Question

What is the speed of a ball thrown from 1.2m above the ground if it travels 13.7m horizontally before hitting the ground

Answer 1

Answer:

Explanation:

The trick is to find the time.

If the ball did not travel horizontally at all and was just dropped, how long would it take to hit the ground?

Givens

vi = 0

d = 1.2 m

a = 9.8 m/s^2

Formula

d = vi * t + 1/2 * a ^ t^2

Solution

1.2 = 0*t + 1/2 9.8 * t^2

1.2 = 4.9 t^2

t^2 = 1.2 / 4.9

t^2 = 0.245

sqrt(t^2) = sqrt(.245)

t = 0.4949 seconds

Answer

You are not very clear about which answer you want. There are two of them.

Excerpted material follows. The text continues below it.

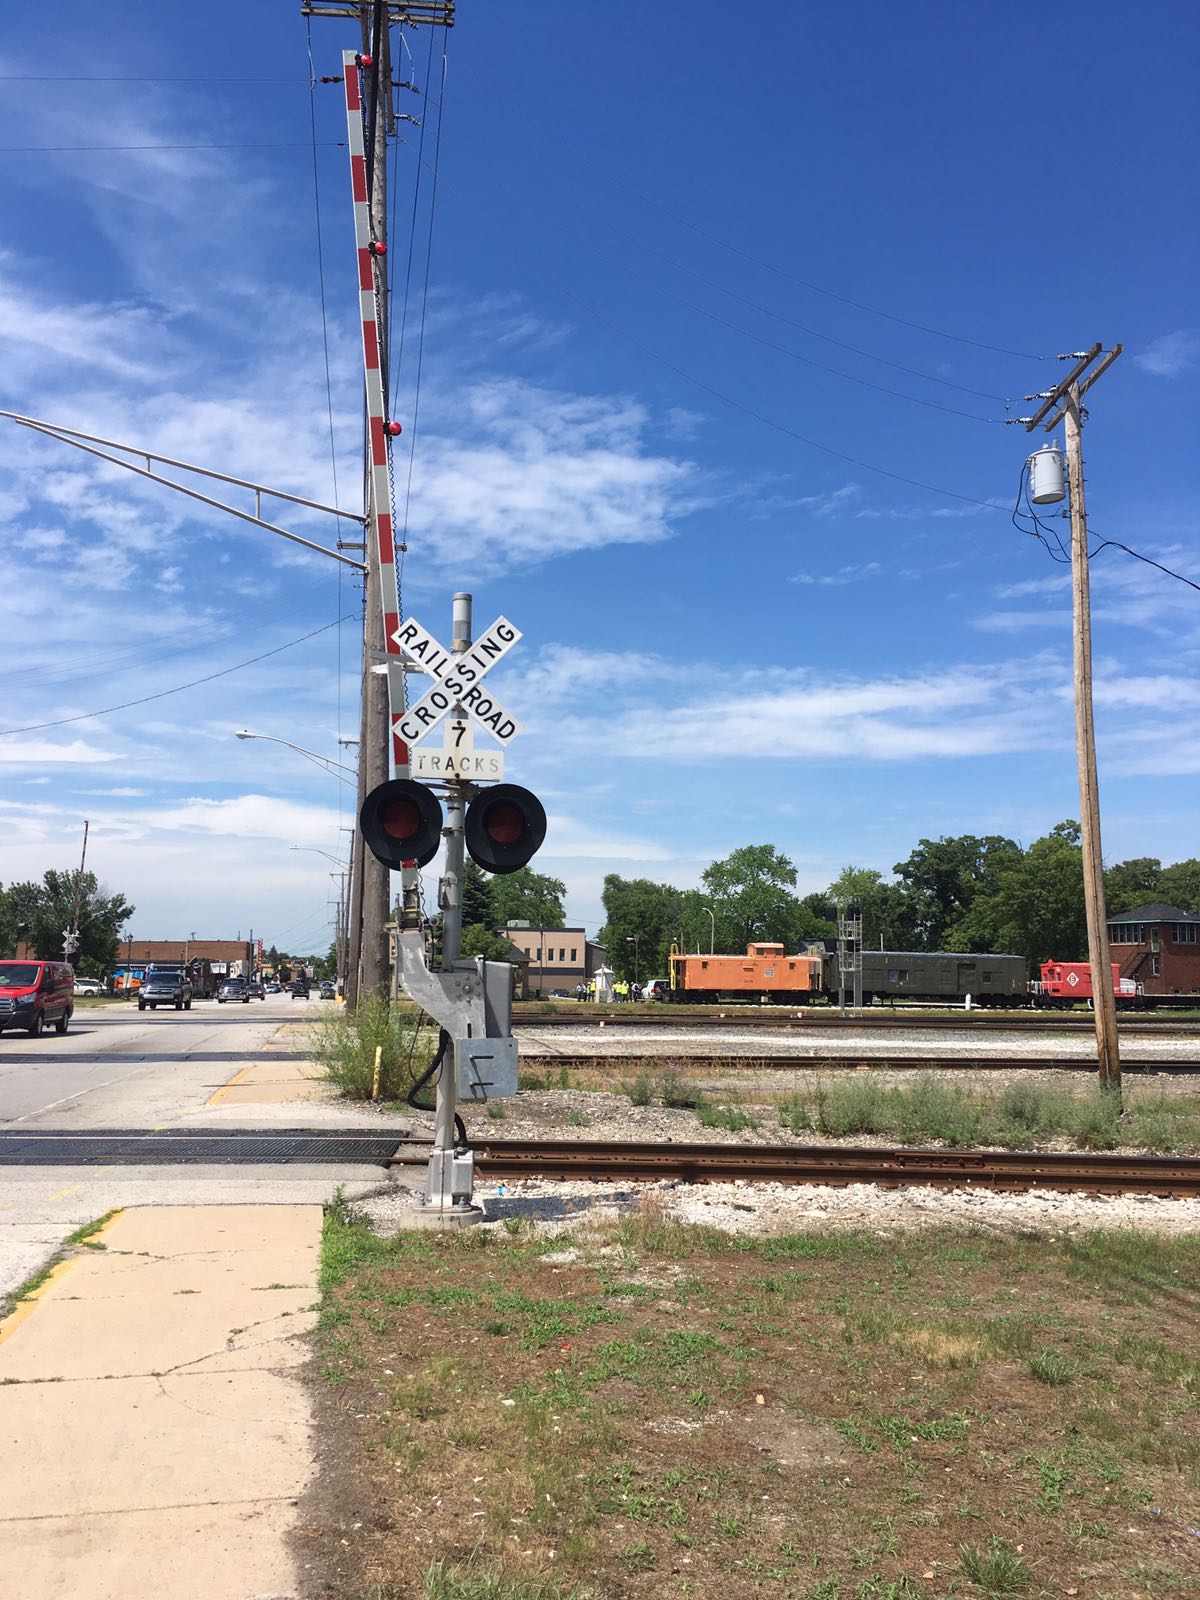 Recorrido a vías férreas y cruces a nivel en Chicago, organizado por Safetran Systems Corporation

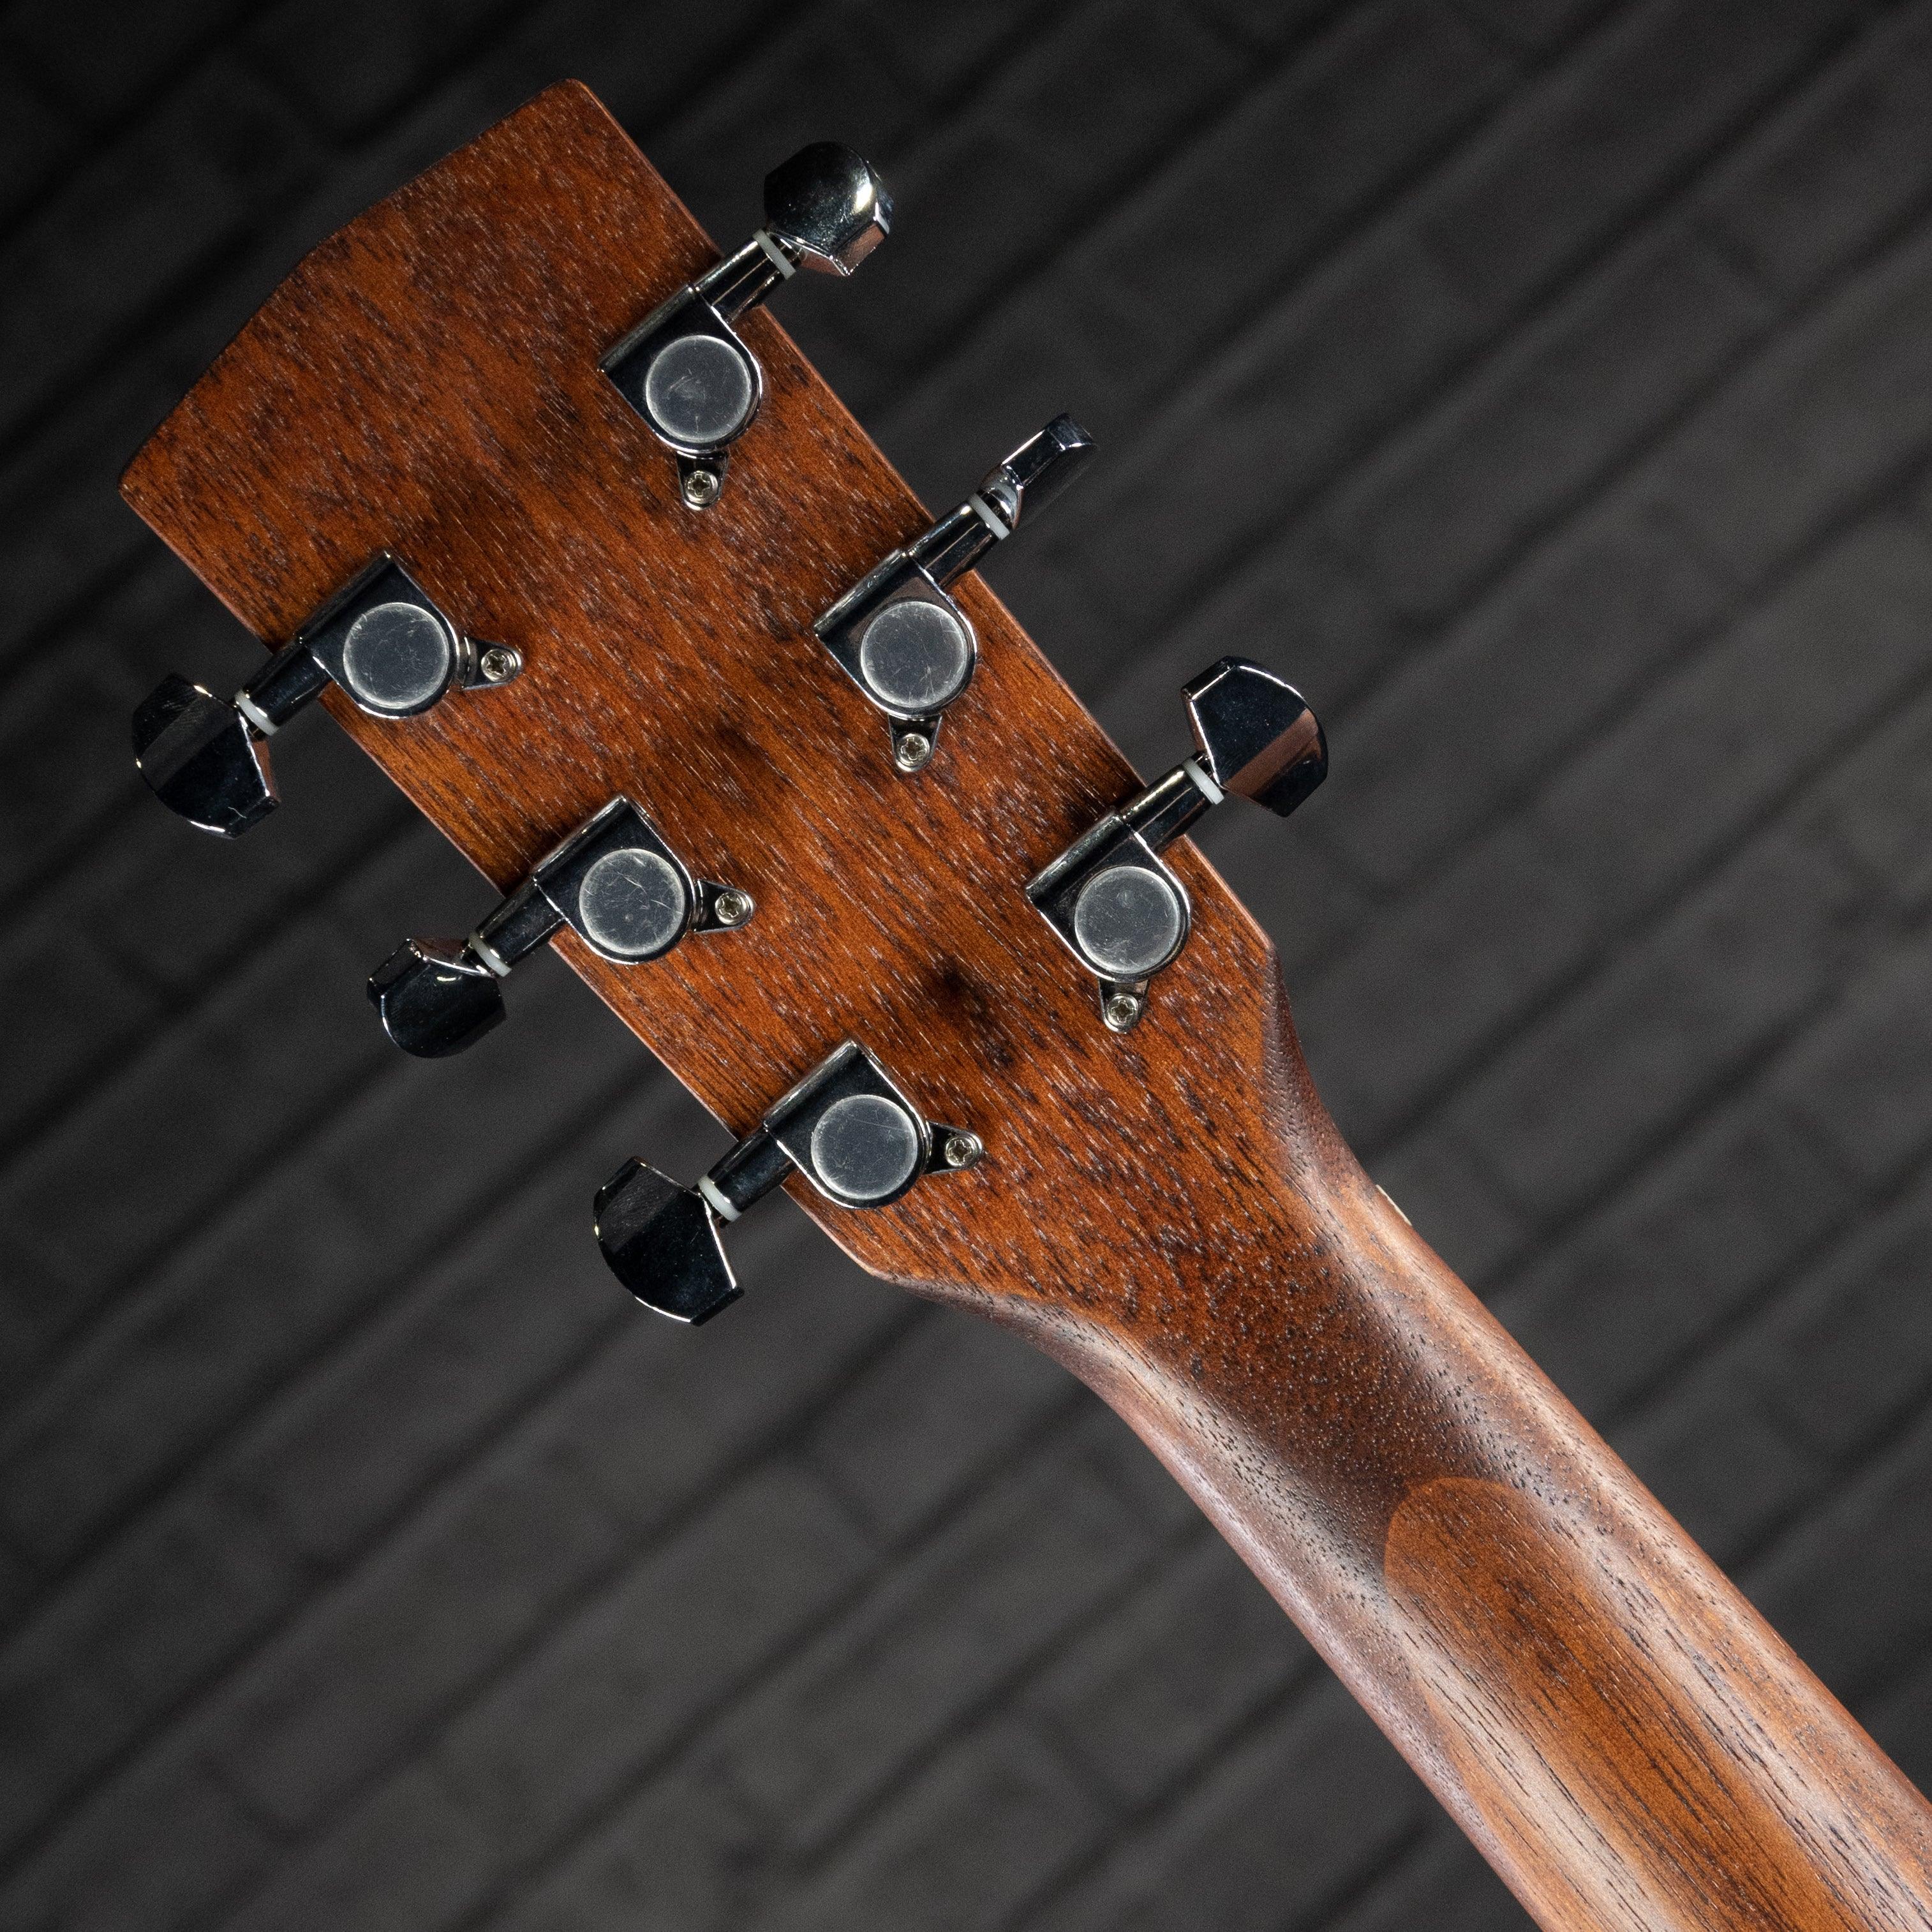 Cort AF510OP Standard Series Acoustic Concert Guitar (Open Pore Natural) - Impulse Music Co.

One is going horizontally and the other is vertically.

Vertical

vf^2 = vi^2 + 2*a*d

vi = 0

a = 9.8

t = 0.4949

vf^2 =0^2 +  2 * 9.8 * 1.2

vf^2 = 23.52

sqrt(vf^2) = sqrt(23.52)

vf = 4.85 m/s

Horizontal

This is likely what you are looking for.

There is 0 acceleration horizontally.

d = 13.5 m

t = 0.4949

s = ?

s = d/t

s = 13.5/0.4949

s = 27.28

Note

You should note a couple of things.

1. The horizontal and vertical speeds are not the same.
2. The time is used for both the horizontal and vertical speeds.
3. The horizontal and vertical distances are quite different.
4. Horizontal accelerations for these type of questions is generally 0.